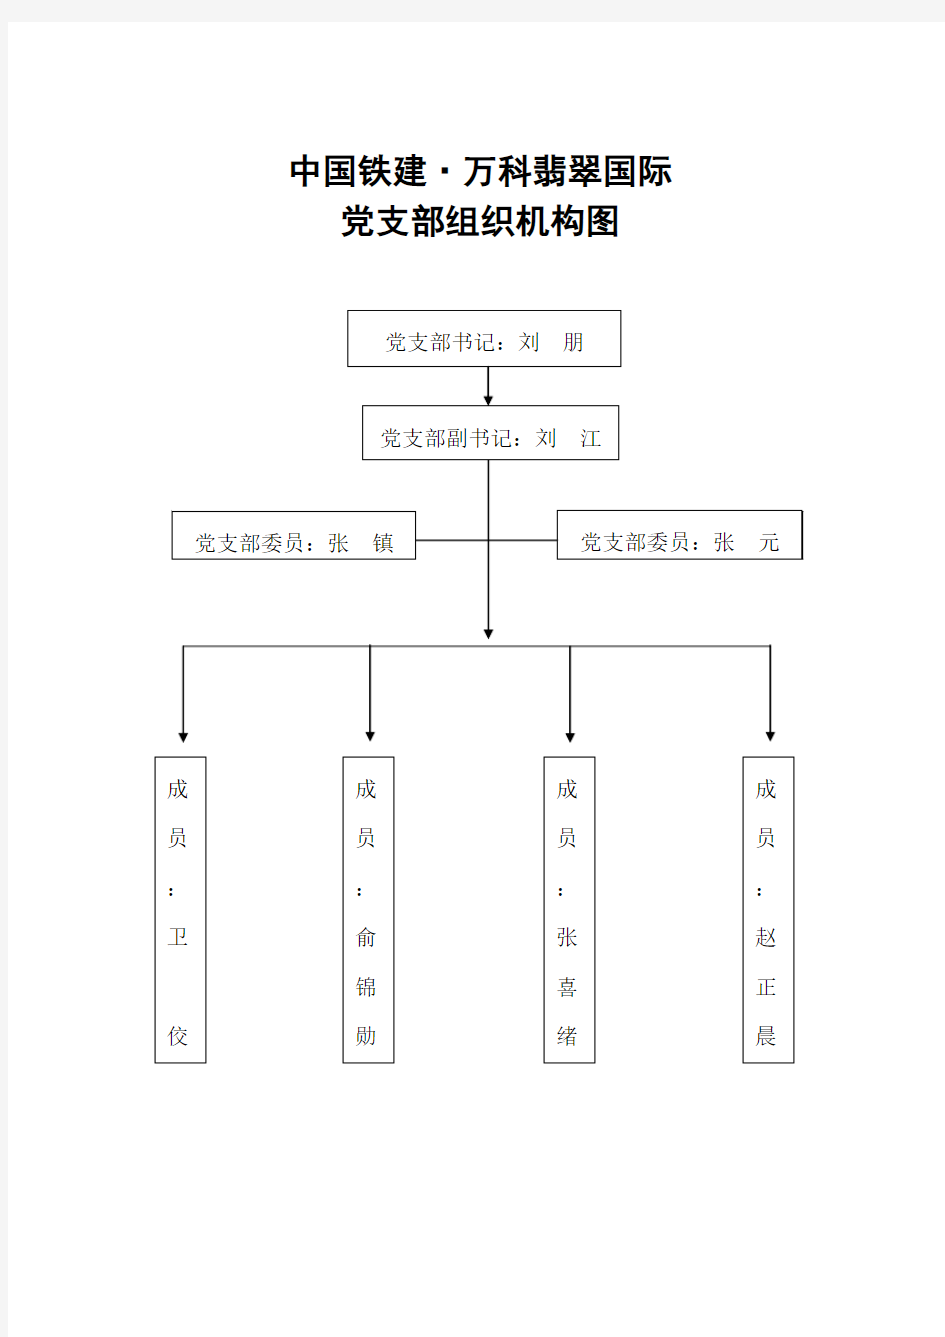 党支部组织机构管理网络图(3.3)
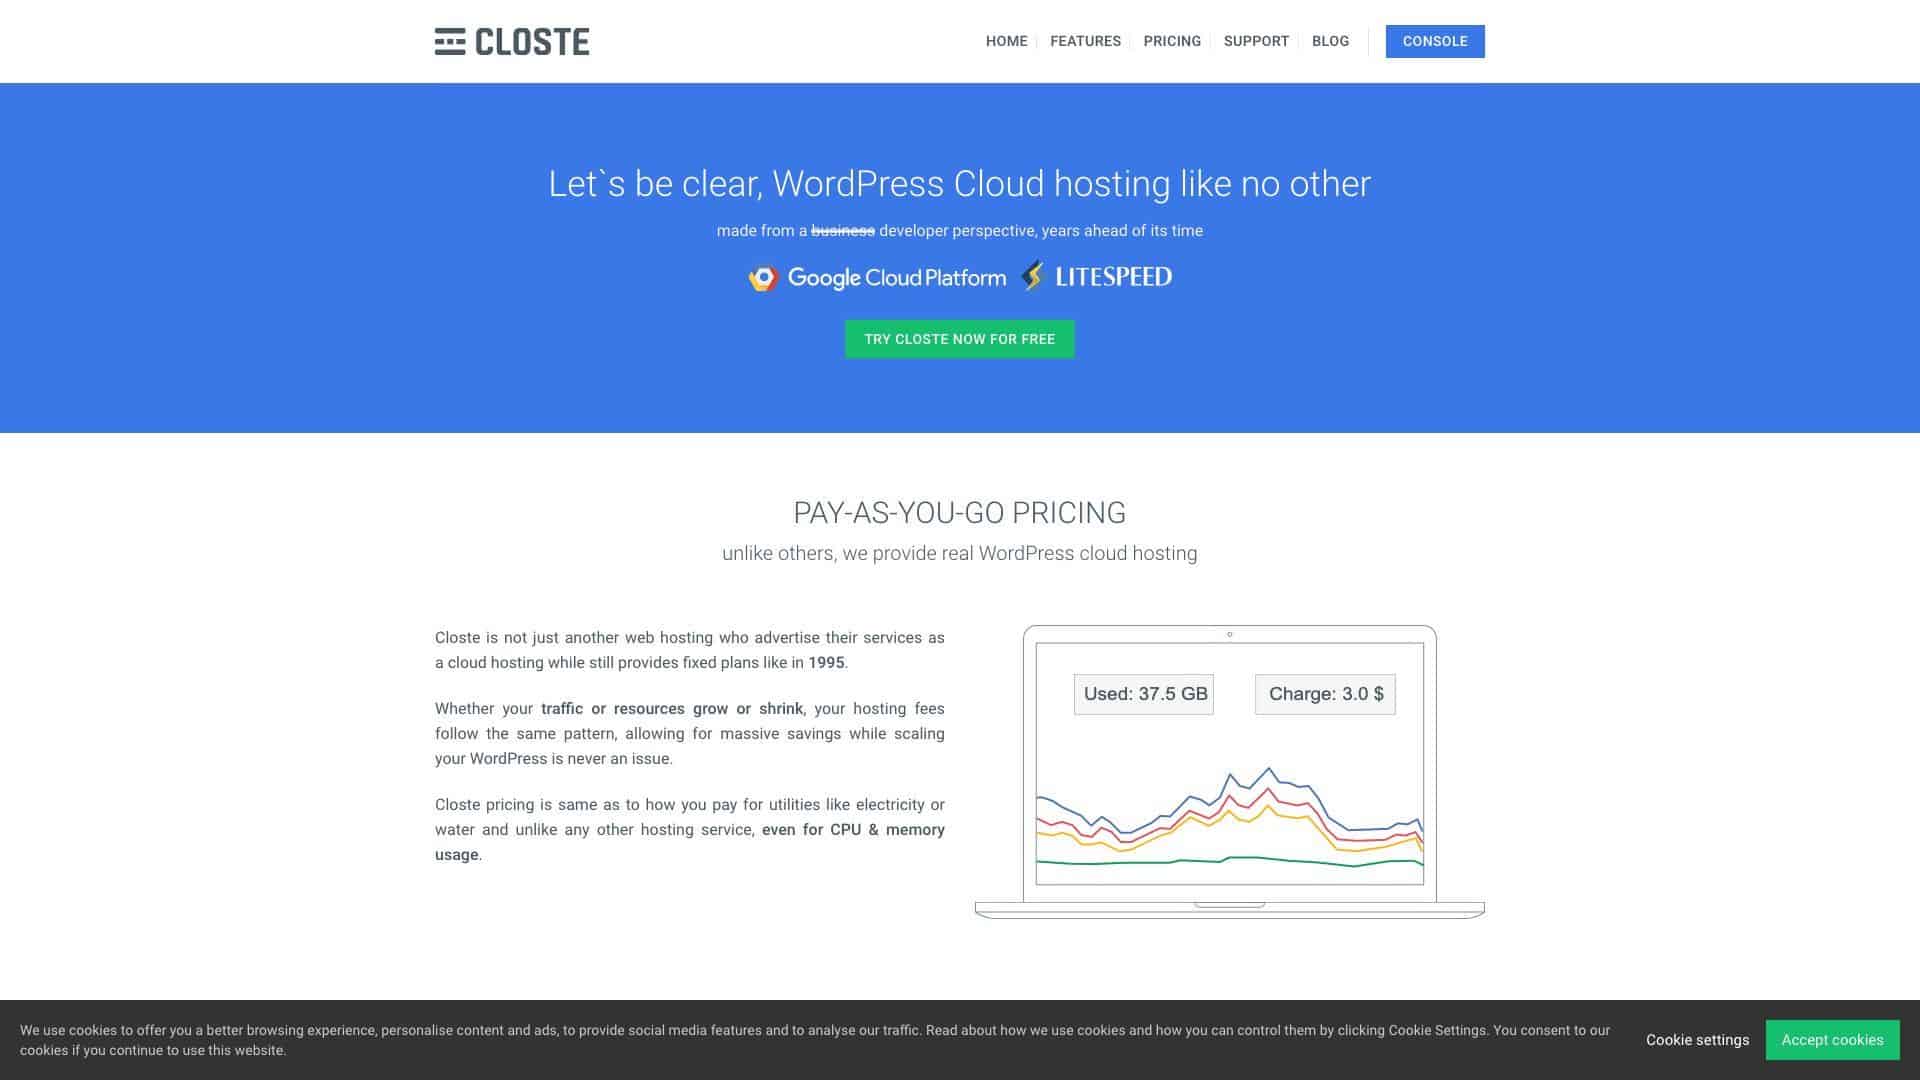 Clostle.com
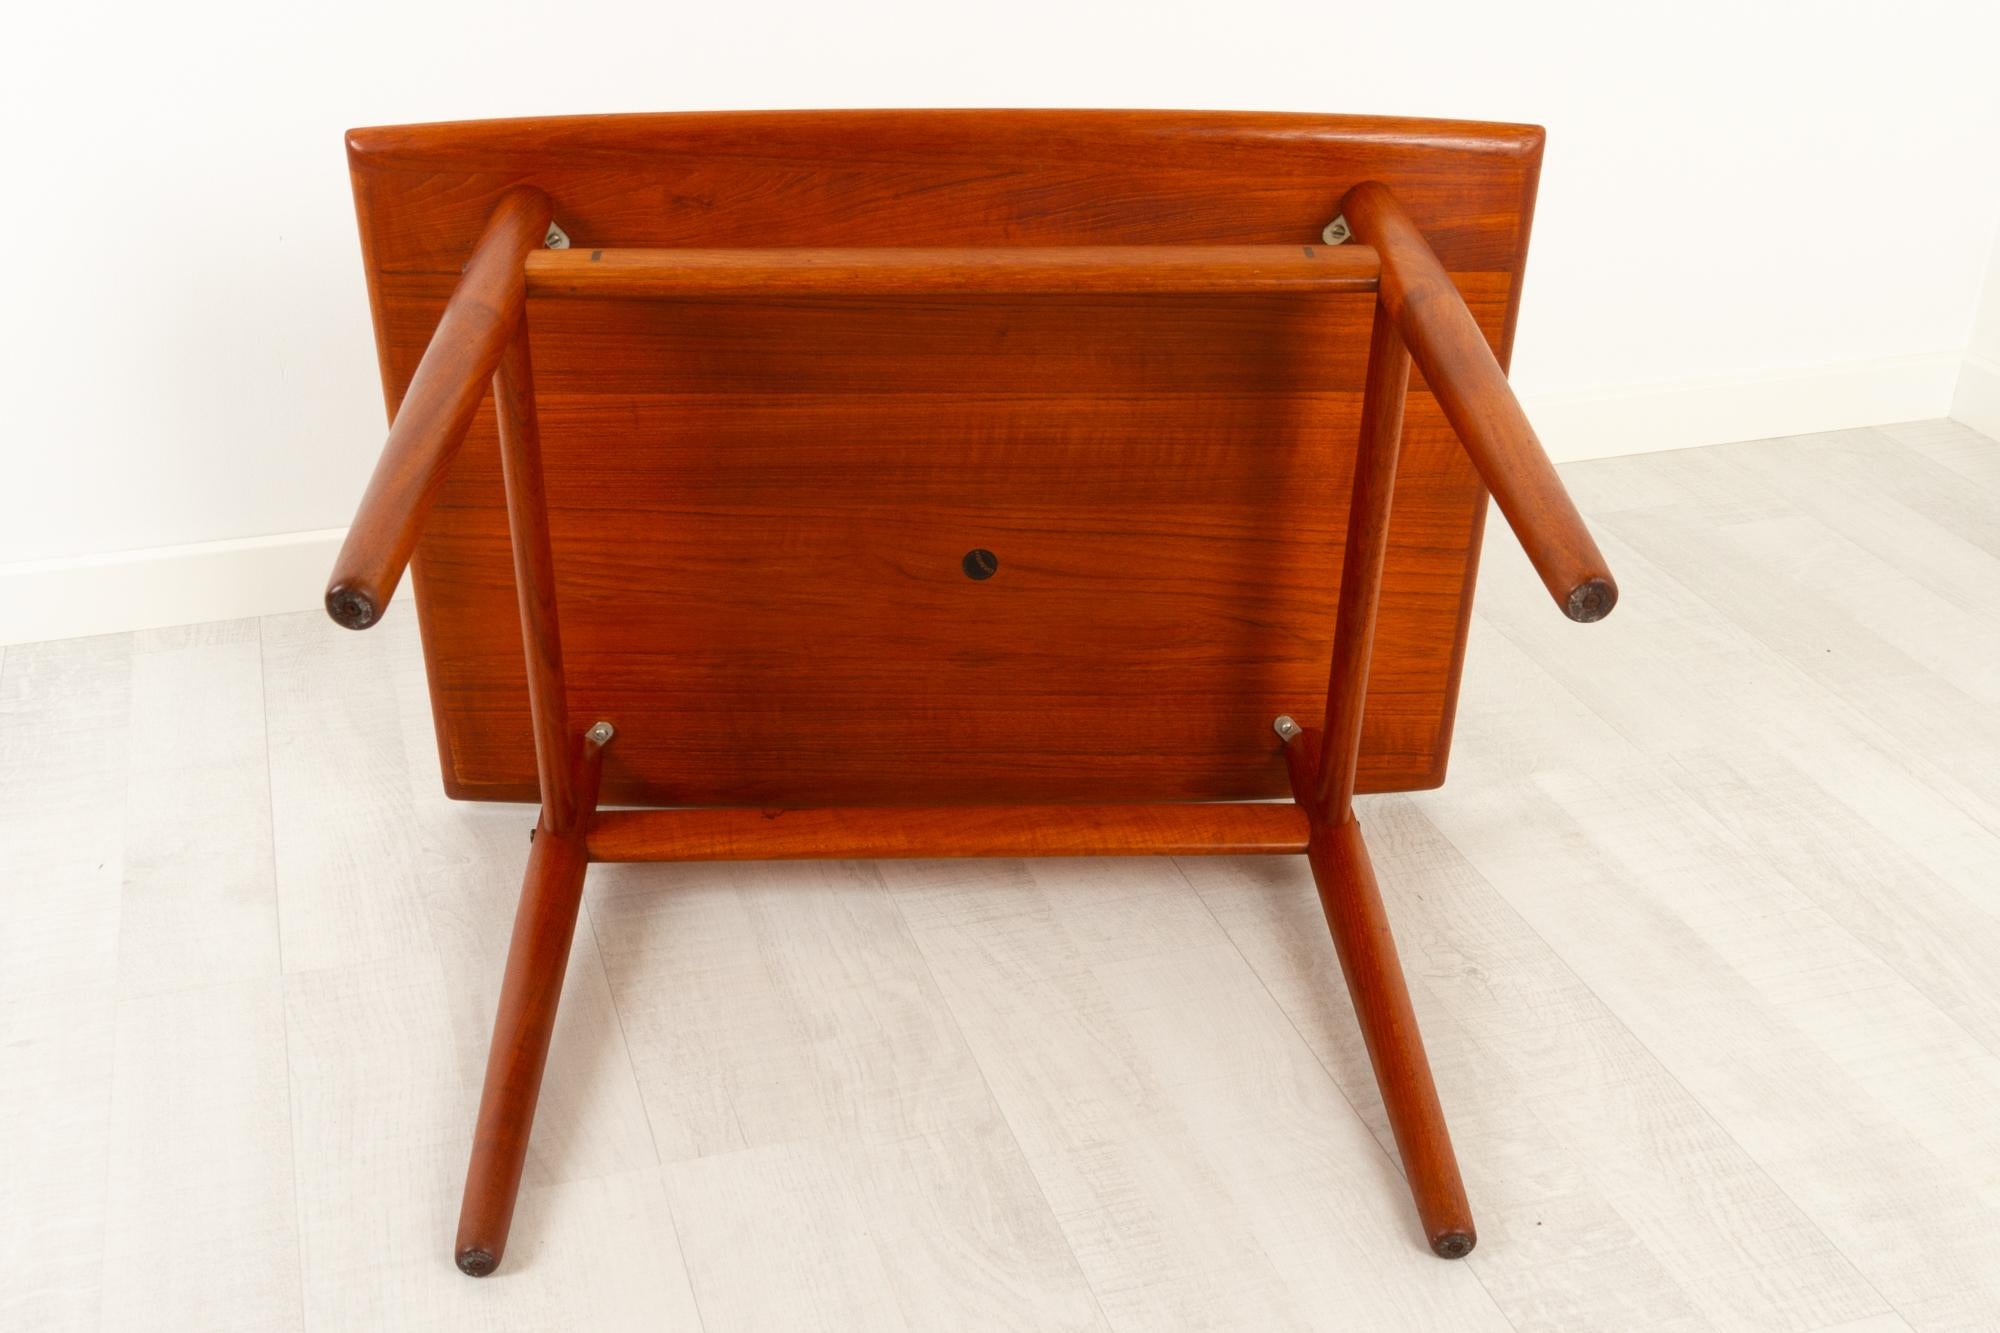 Vintage Danish Teak Side Table by Grete Jalk for Glostrup Møbelfabrik, 1960s For Sale 5

■ **What needs to be done**
Reproduce the material above exactly but drop all images.

■ **Answer for this exercise**
 党支部组织机构管理网络图(3.3)
 Clostle.com
 Vintage Danish Teak Side Table by Grete Jalk for Glostrup Møbelfabrik, 1960s For Sale 5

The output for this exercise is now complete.